Tomina Province is divided into five municipalities which are partly further subdivided into cantons.

| Section | Municipality | Inhabitants (2001) | Seat | Inhabitants (2001) |
|---|---|---|---|---|
| 1st | Padilla Municipality | 12,562 | Padilla | 2,714 |
| 2nd | Tomina Municipality | 9,060 | Tomina | 983 |
| 3rd | Sopachuy Municipality | 7,241 | Sopachuy | 1,478 |
| 4th | Villa Alcalá Municipality | 4,034 | Villa Alcalá | 838 |
| 5th | El Villar Municipality | 4,585 | El Villar | 486 |

== The people ==
The people are predominantly indigenous citizens of Quechuan descent.

| Ethnic group | Padilla Municipality (%) | Tomina Municipality (%) | Sopachuy Municipality (%) | Villa Alcalá Municipality (%) | El Villar Municipality (%) |
|---|---|---|---|---|---|
| Quechua | 55.1 | 83.8 | 84.5 | 29.9 | 55.2 |
| Aymara | 0.5 | 0.3 | 0.2 | 0.0 | 0.2 |
| Guaraní, Chiquitos, Moxos | 0.6 | 0.0 | 0.2 | 0.0 | 0.7 |
| Not indigenous | 43.5 | 15.8 | 147 | 68.5 | 43.3 |
| Other indigenous groups | 0.3 | 0.2 | 0.4 | 1.5 | 0.5 |

Ref.: obd.descentralizacion.gov.bo

== Languages ==
The languages spoken in the province are mainly Spanish and Quechua.

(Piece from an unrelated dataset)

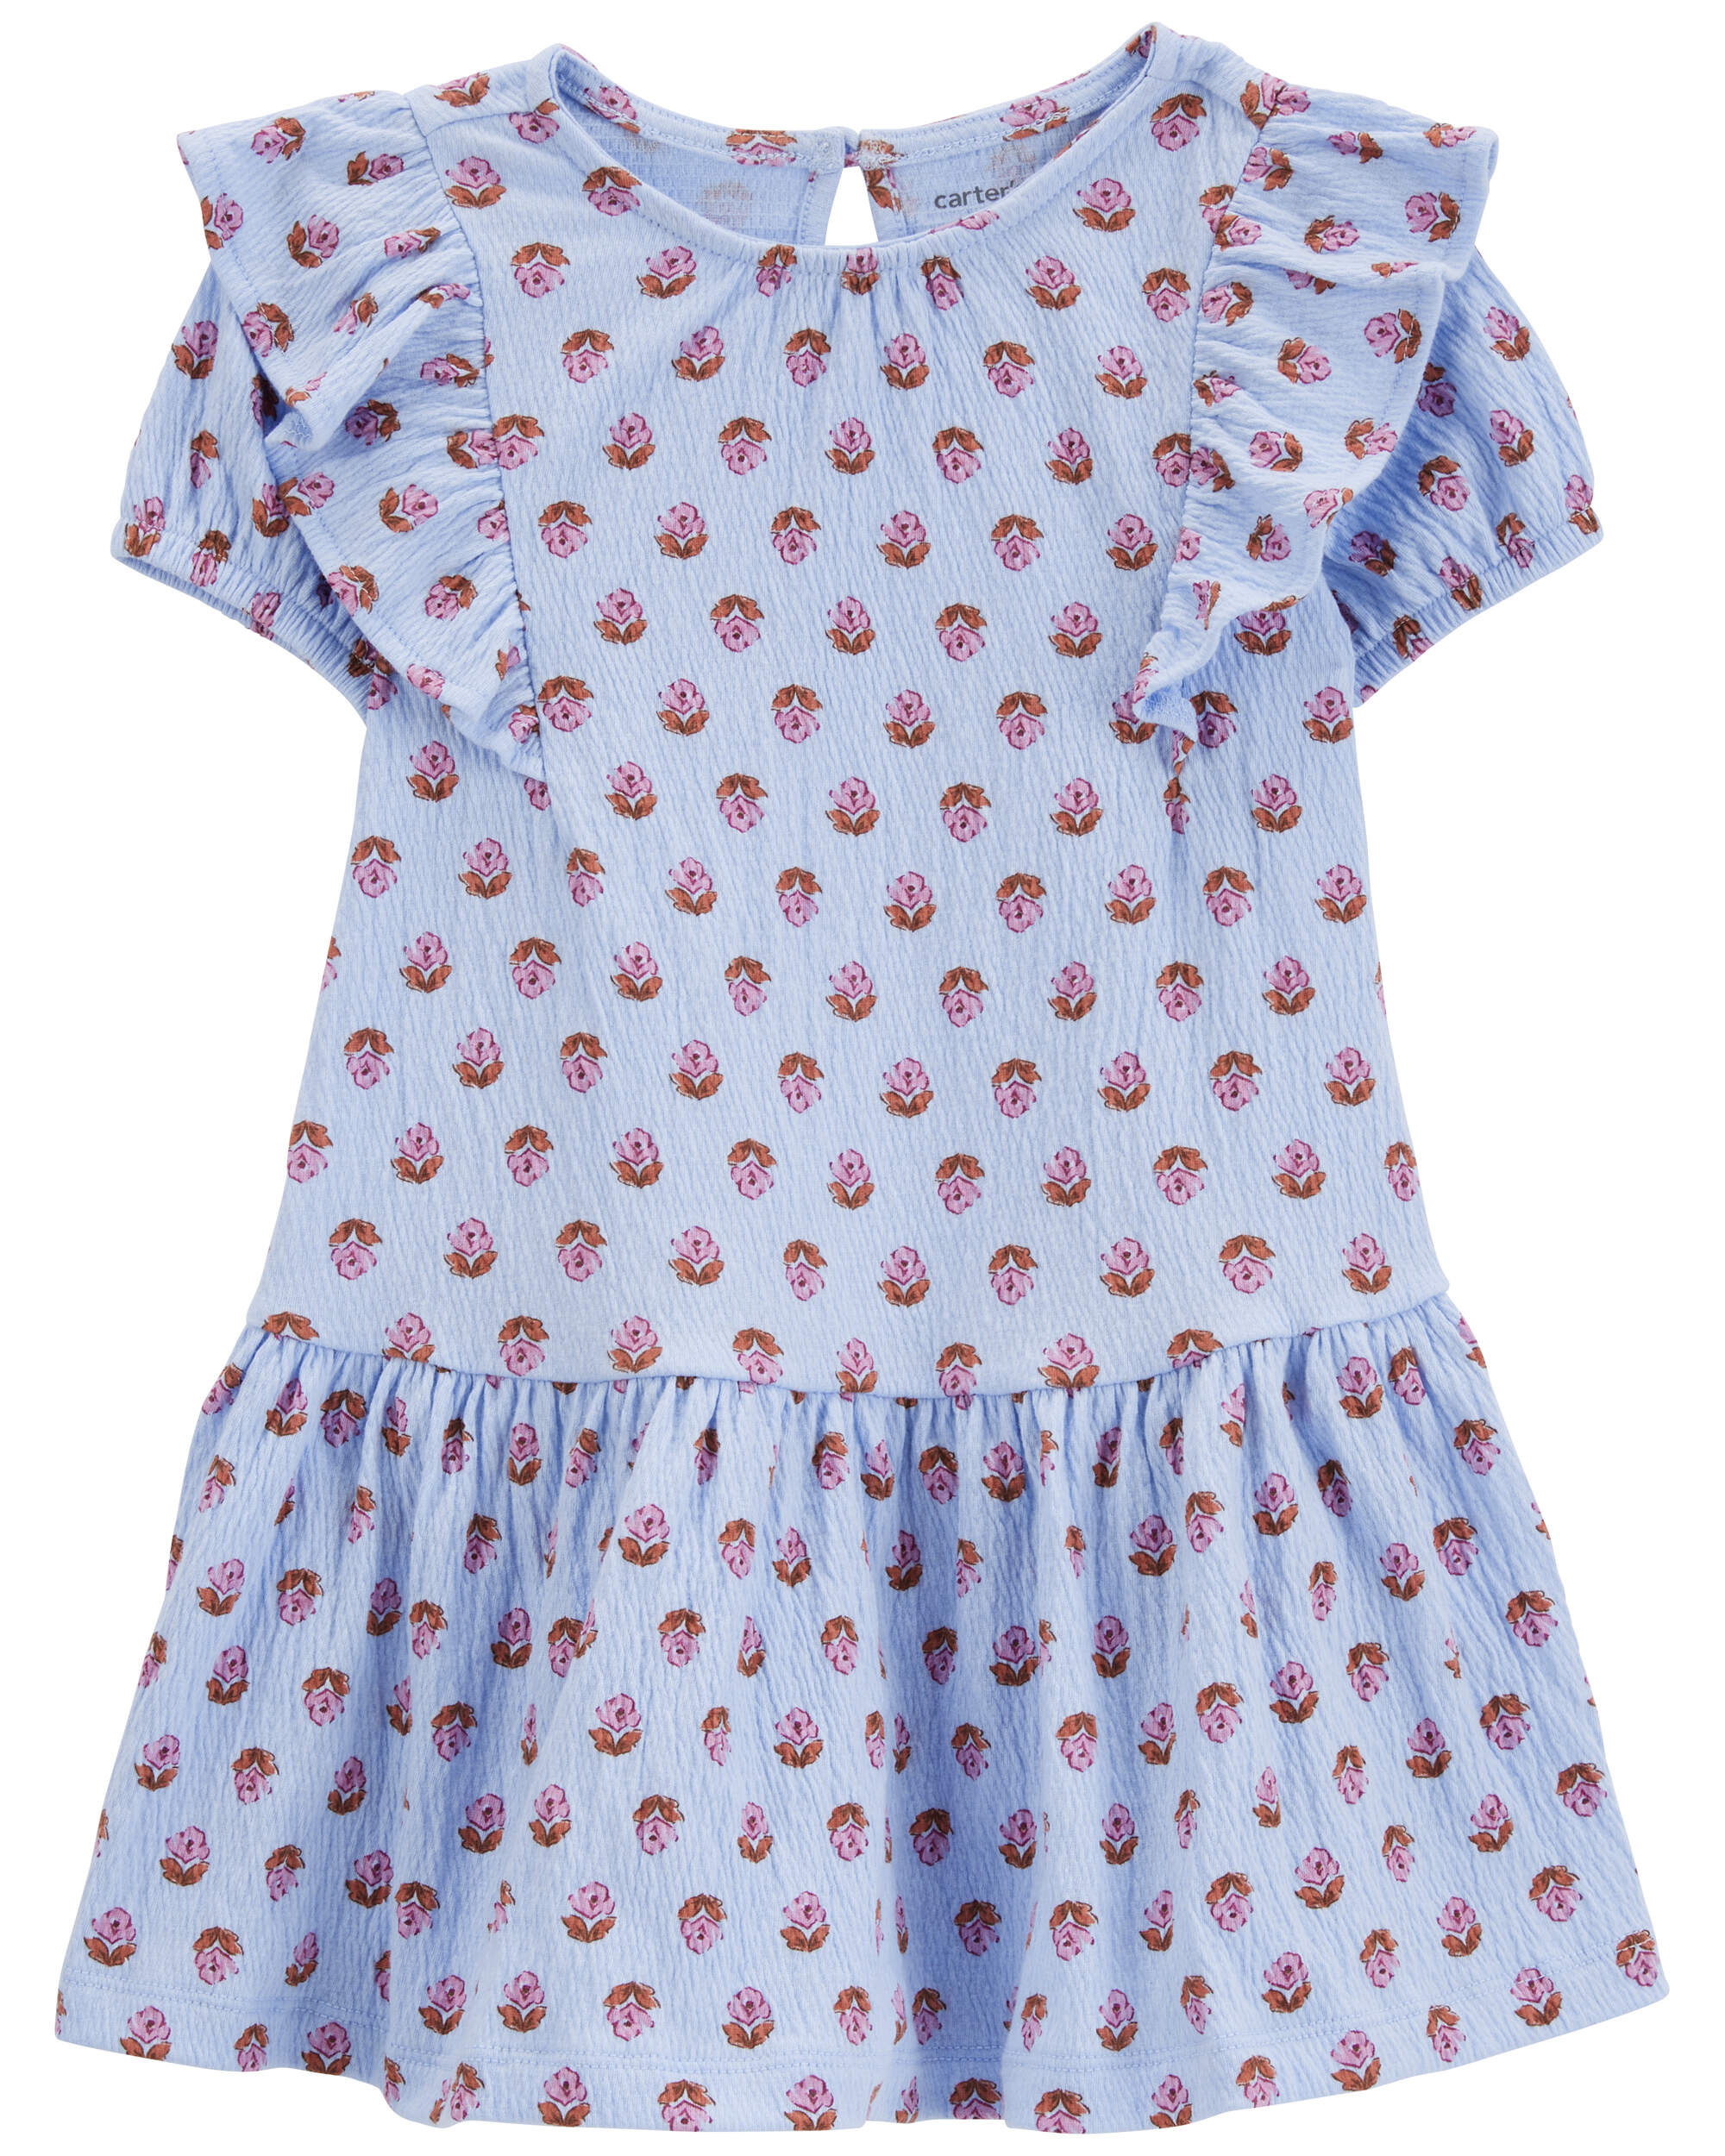 Toddler Floral Crinkle Jersey Dress
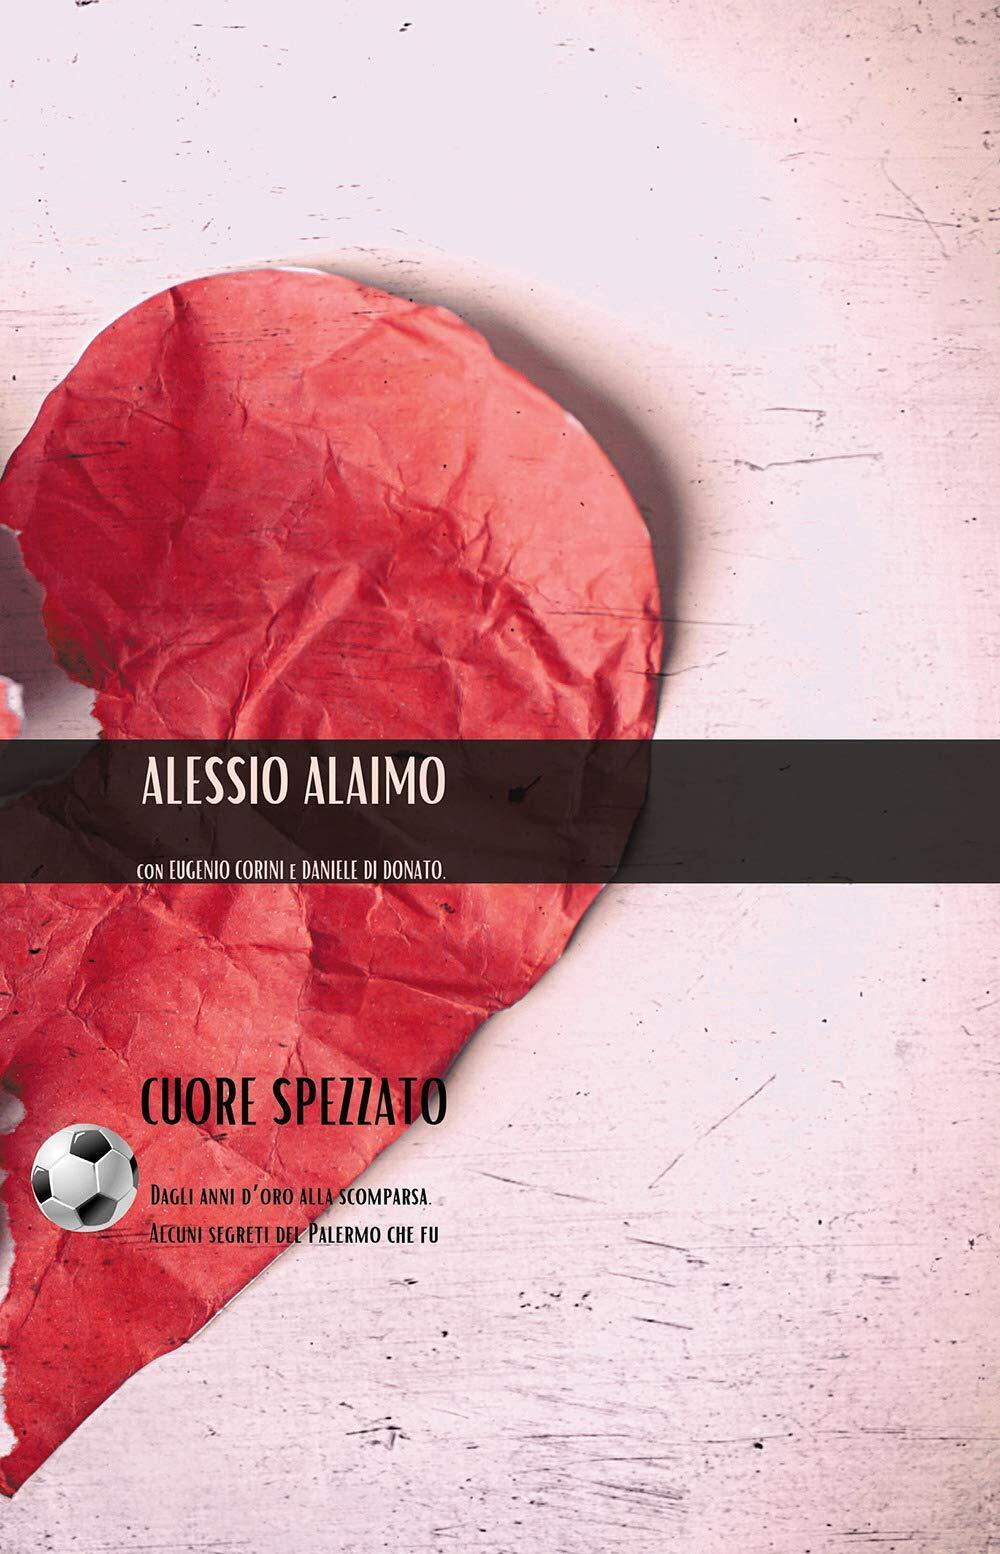 cuore spezzato - Alessio Alaimo - Passione Scrittore selfpublishing, 2020 libro usato

| Language | Padilla Municipality | Tomina Municipality | Sopachuy Municipality | Villa Alcalá Municipality | El Villar Municipality |
|---|---|---|---|---|---|
| Quechua | 2,181 | 7,831 | 6,261 | 1,167 | 1,264 |
| Aymara | 29 | 23 | 10 | 7 | 15 |
| Guaraní | 6 | 4 | 3 | 3 | 1 |
| Another native | 2 | 2 | 3 | 1 | 0 |
| Spanish | 11,585 | 4,418 | 3,003 | 3,576 | 4,190 |
| Foreign | 27 | 12 | 9 | 9 | 4 |
| Only native | 250 | 4,036 | 3,791 | 176 | 146 |
| Native and Spanish | 1,951 | 3,803 | 2,478 | 997 | 1,123 |
| Only Spanish | 9,635 | 616 | 526 | 2,579 | 3,067 |

== Tourist attractions ==
Padilla Municipality is situated within the Iñao National Park and Integrated Management Natural Area.